DATASET ENTRIES section start
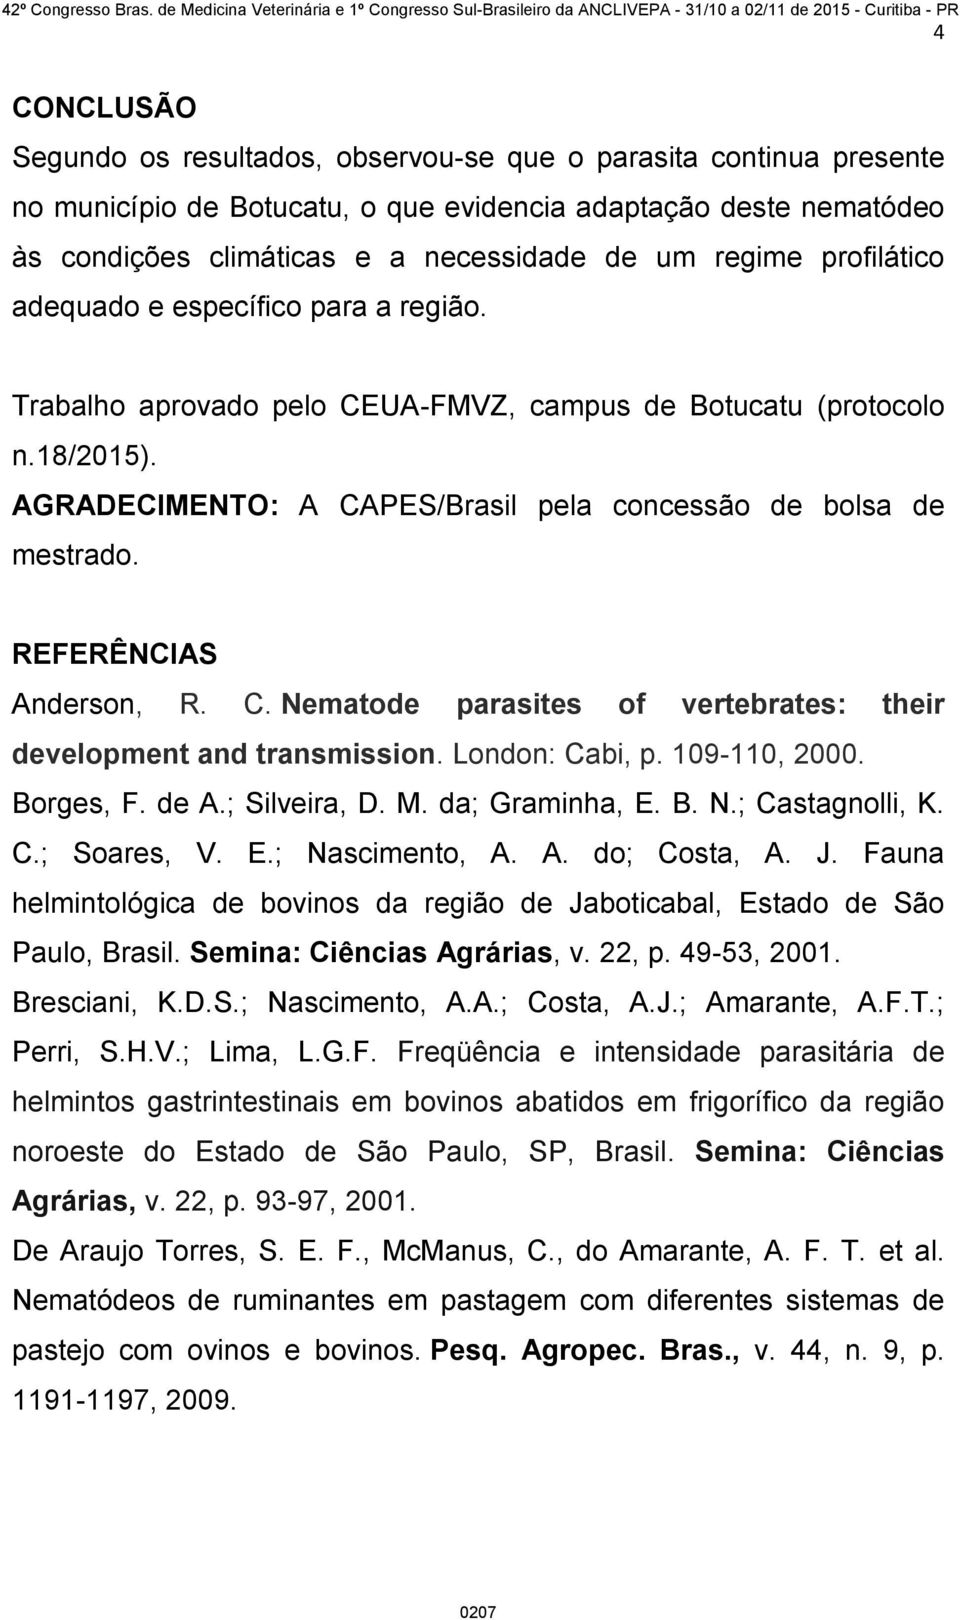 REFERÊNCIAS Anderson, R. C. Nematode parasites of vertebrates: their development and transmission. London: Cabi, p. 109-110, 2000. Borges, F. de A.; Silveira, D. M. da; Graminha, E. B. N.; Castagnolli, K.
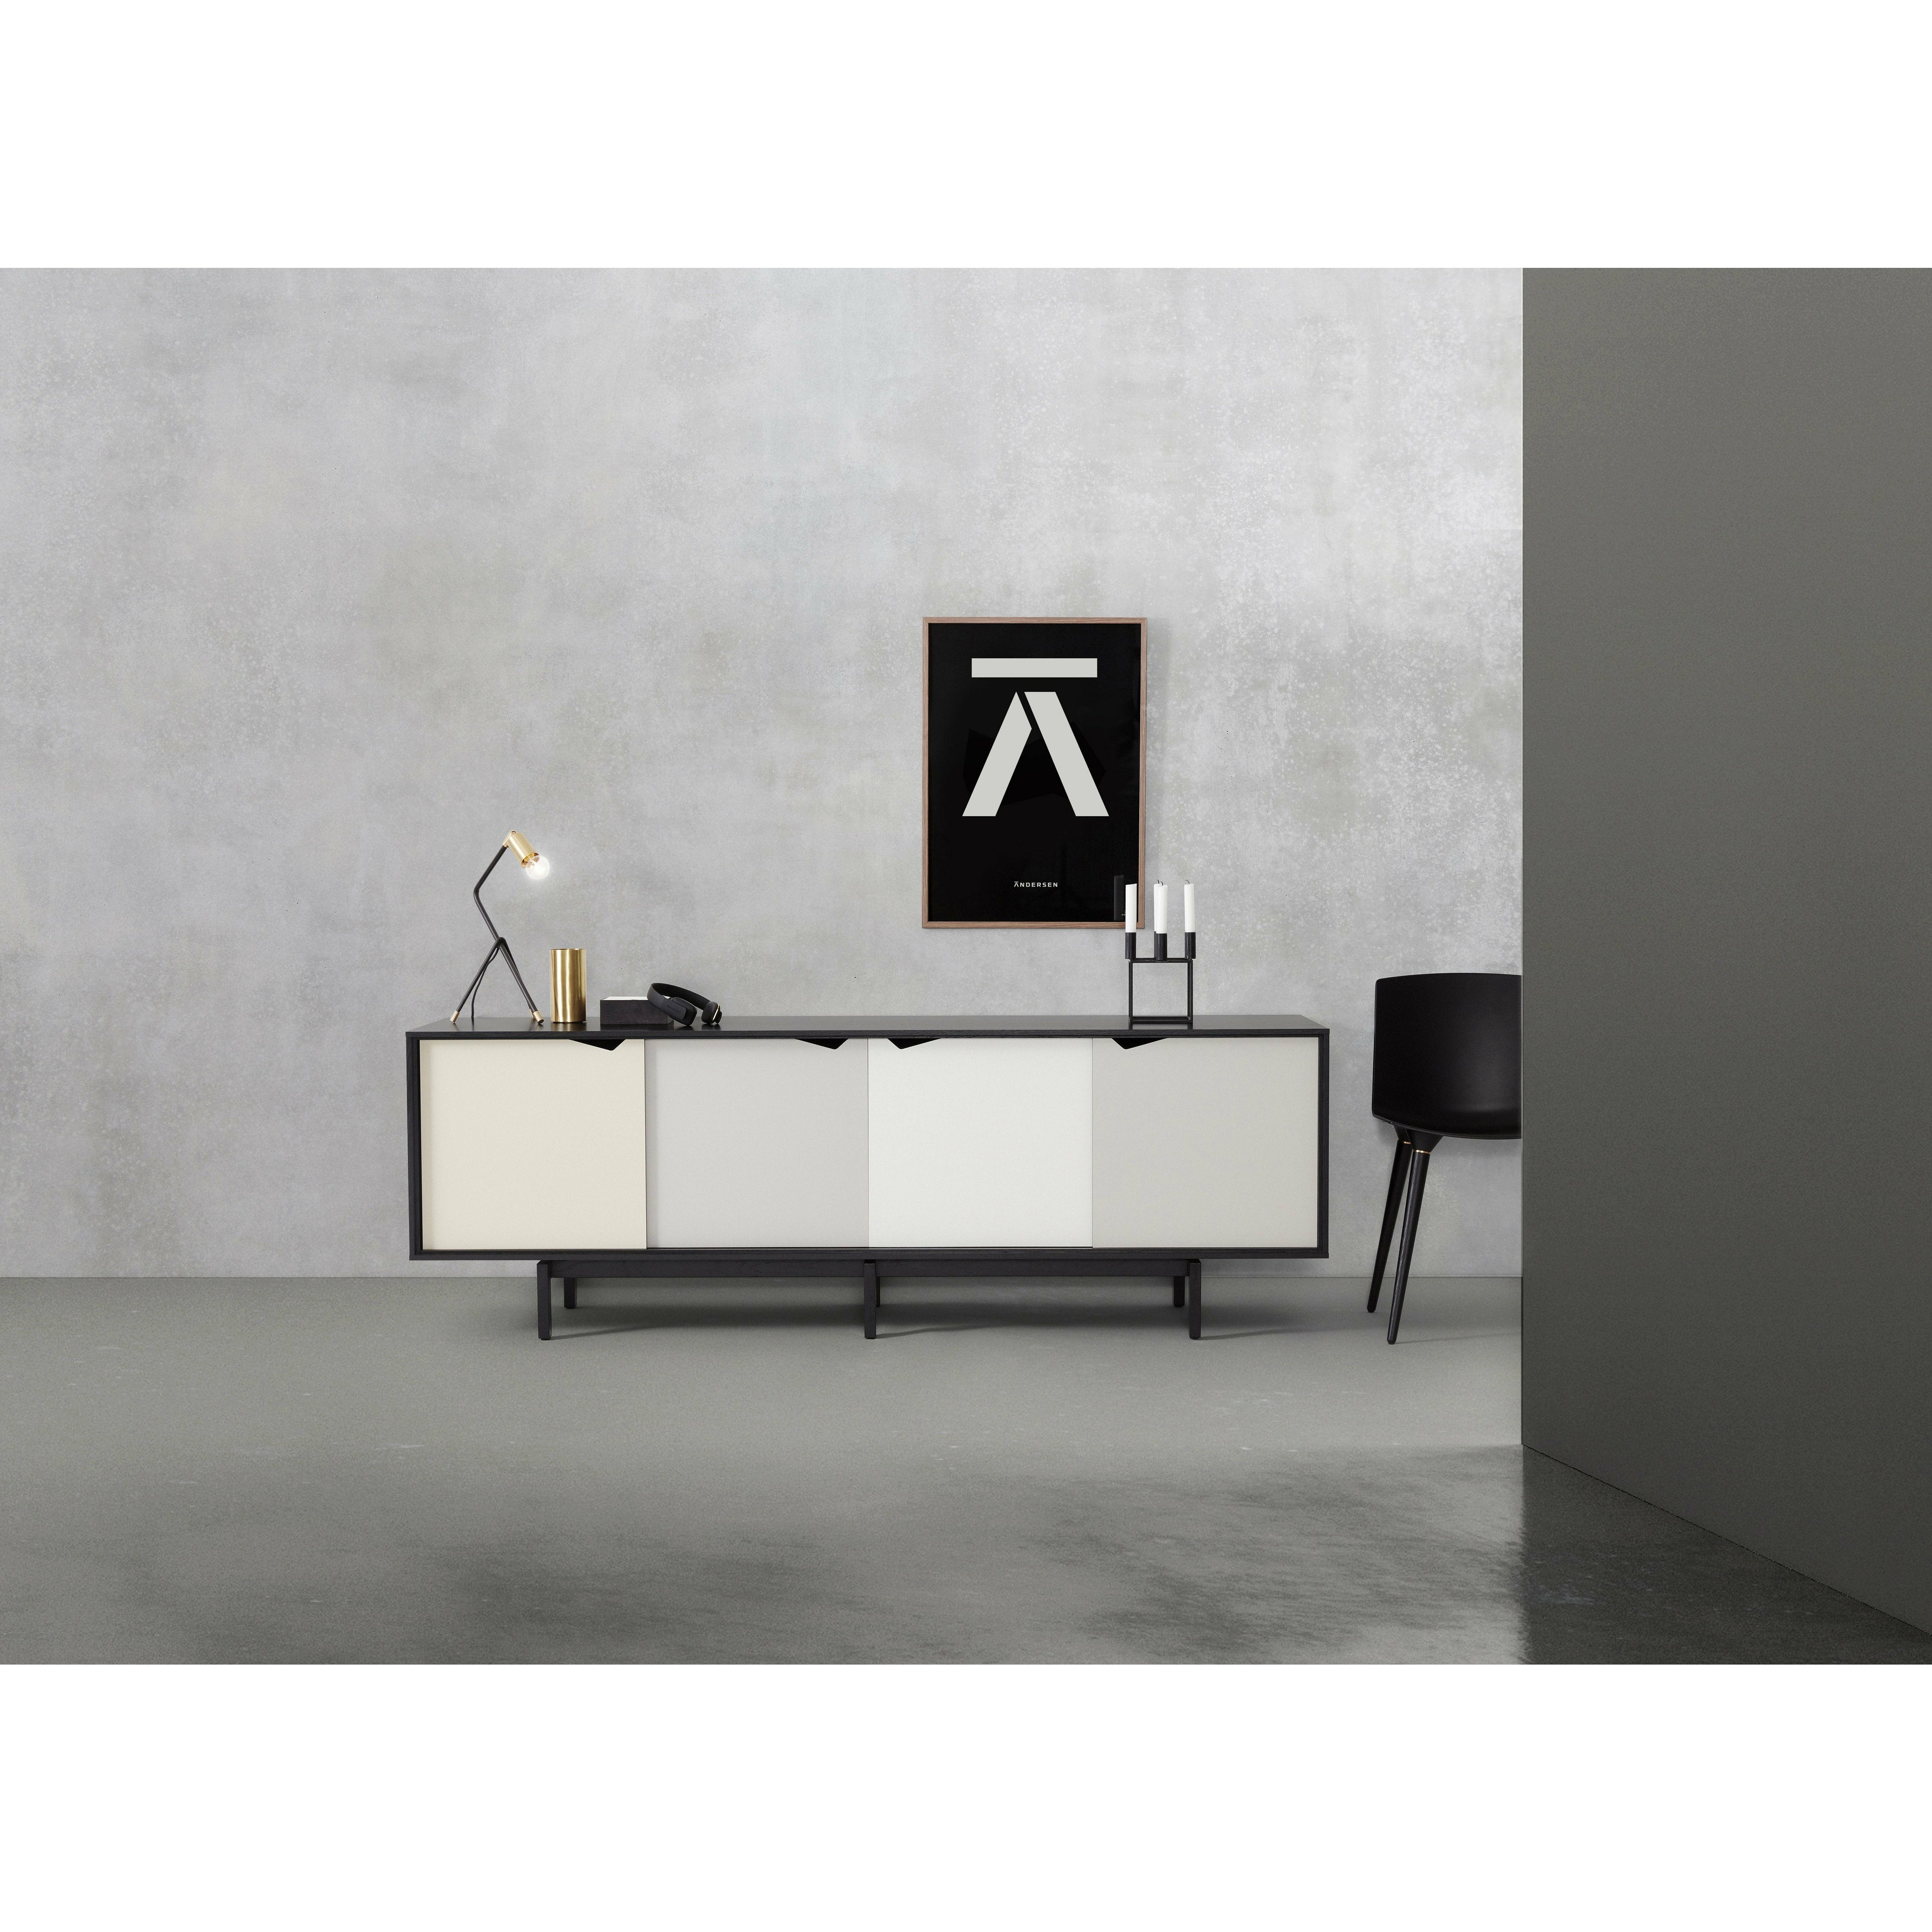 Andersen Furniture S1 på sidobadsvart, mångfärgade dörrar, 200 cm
DATASET ENTRIES section end
DATASET ENTRIES section start
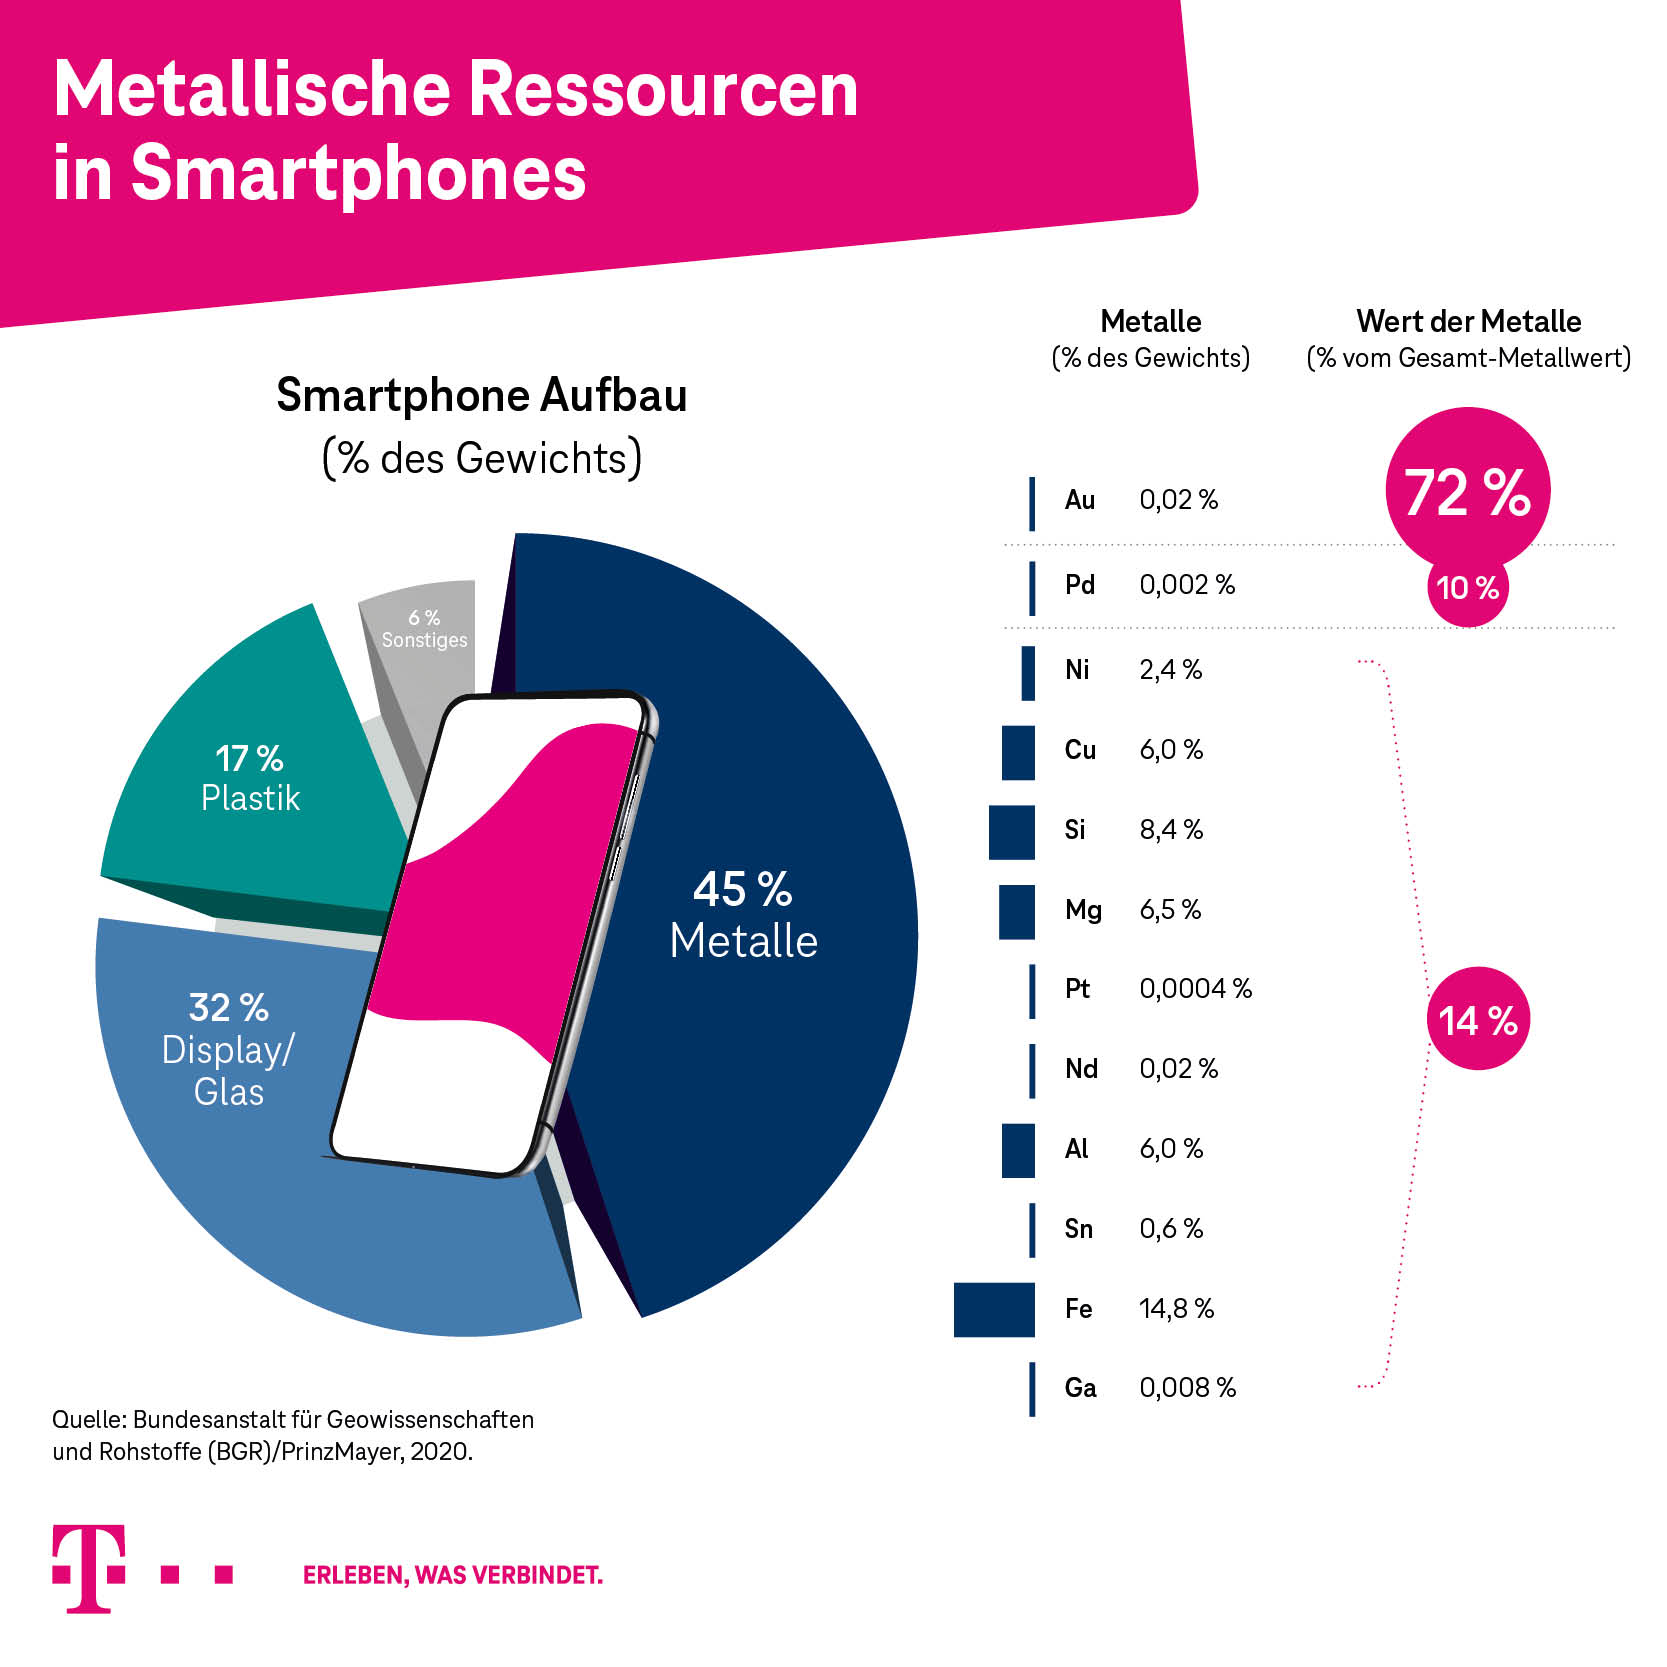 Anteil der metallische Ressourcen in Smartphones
DATASET ENTRIES section end
Using the data above, retype exactly the lines from the line with "REFERÊNCIAS Anderson, R." to the line with "Andersen Furniture S1", inclusive. No pictures and nothing else.

#### [SOLUTION FOR THIS EXERCISE]
 REFERÊNCIAS Anderson, R. C. Nematode parasites of vertebrates: their development and transmission. London: Cabi, p. 109-110, 2000. Borges, F. de A.; Silveira, D. M. da; Graminha, E. B. N.; Castagnolli, K.
 Andersen Furniture S1 på sidobadsvart, mångfärgade dörrar, 200 cm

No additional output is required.